L’Iraq ha tenuto le sue prime elezioni nel 2005 e i partiti sciiti hanno ottenuto la maggioranza in parlamento. Nouri al-Maliki, politico di lungo corso con legami con l’Iran, è stato nominato primo ministro. Ha costruito un governo di unità nazionale con sunniti e curdi, ma le ostilità settarie sono divampate, soprattutto dopo la distruzione del santuario sciita di Samarra.
Il più grande vincitore della guerra in Iraq sembra essere l’Iran. Non solo la guerra ha rimosso uno dei più grandi nemici dell’Iran, Saddam Hussein, ma ha anche portato la maggioranza sciita presente nel paese al potere. Il regime iraniano ha approfittato del vuoto di potere e del caos come basi per rafforzare e allargare la sua influenza regionale. L’Iran ha formato e sostenuto diversi partiti politici e milizie armate, fornendo loro armi e altre risorse, dando soldi e addestramento militare. Gli Stati Uniti d’altra parte hanno speso miliardi di dollari, perso innumerevoli vite e ancora di più la loro reputazione, distrutta nelle strade delle città arabe, ma con piccoli guadagni in cambio. Si potrebbe sostenere che, poiché l’Iraq è ufficialmente una democrazia, può facilmente allontanarsi dall’Iran. Inoltre, la differenza teologica tra il centro religioso di Najaf e tra i Qum e l’eredità di Khomeini provano che ci sono alcuni punti di attrito tra l’establishment religioso di entrambi i paesi.
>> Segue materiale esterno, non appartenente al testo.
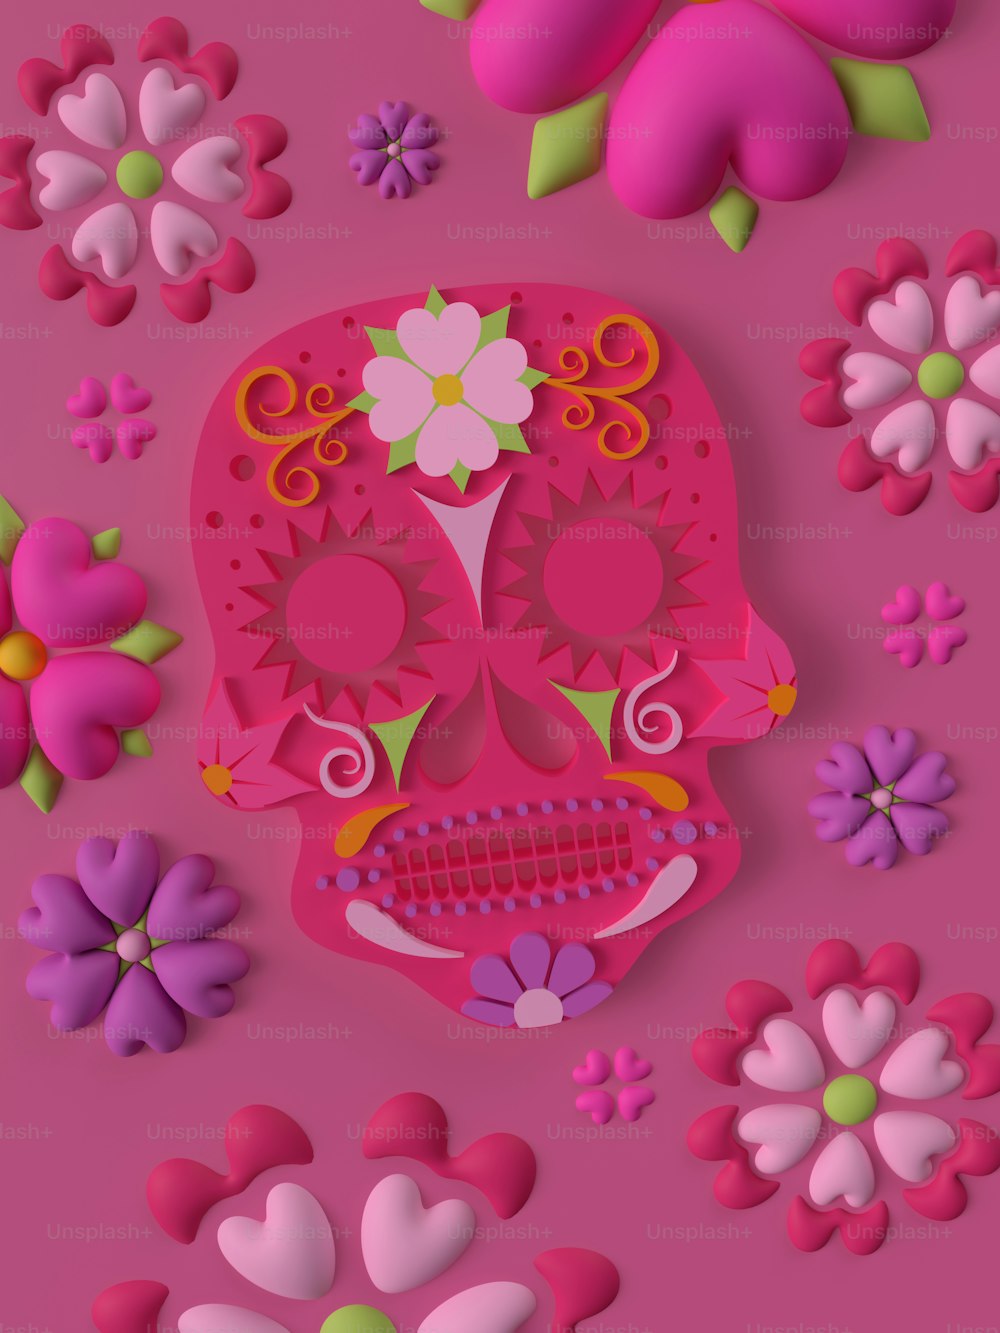 ein Scherenschnitt eines rosafarbenen Schädels, umgeben von Blumen

Comunque, della grande potenza dell’Iraq in Medio Oriente rimane adesso soltanto un debole ricordo, lontano dal suo antico splendore.

Libano e Hezbollah
Il Libano è un paese piccolo ma importante del Medio Oriente. È stato un prospero centro culturale e economico per secoli. È anche il paese più diversificato dal punto di vista religioso della regione, con sciiti, sunniti, cristiani e drusi che vivono insieme. Il Libano ha sofferto una lunga e sanguinosa guerra civile dal 1975 al 1990. In seguito, è diventato una democrazia parlamentare “confessionale”, il che significa che il potere è condiviso tra le varie sette religiose; il presidente è un cristiano, il primo ministro un musulmano sunnita e il portavoce del parlamento è uno sciita. Ci sono 18 gruppi religiosi che vivono in Libano e nel Paese è presente anche un numero rilevante di rifugiati palestinesi.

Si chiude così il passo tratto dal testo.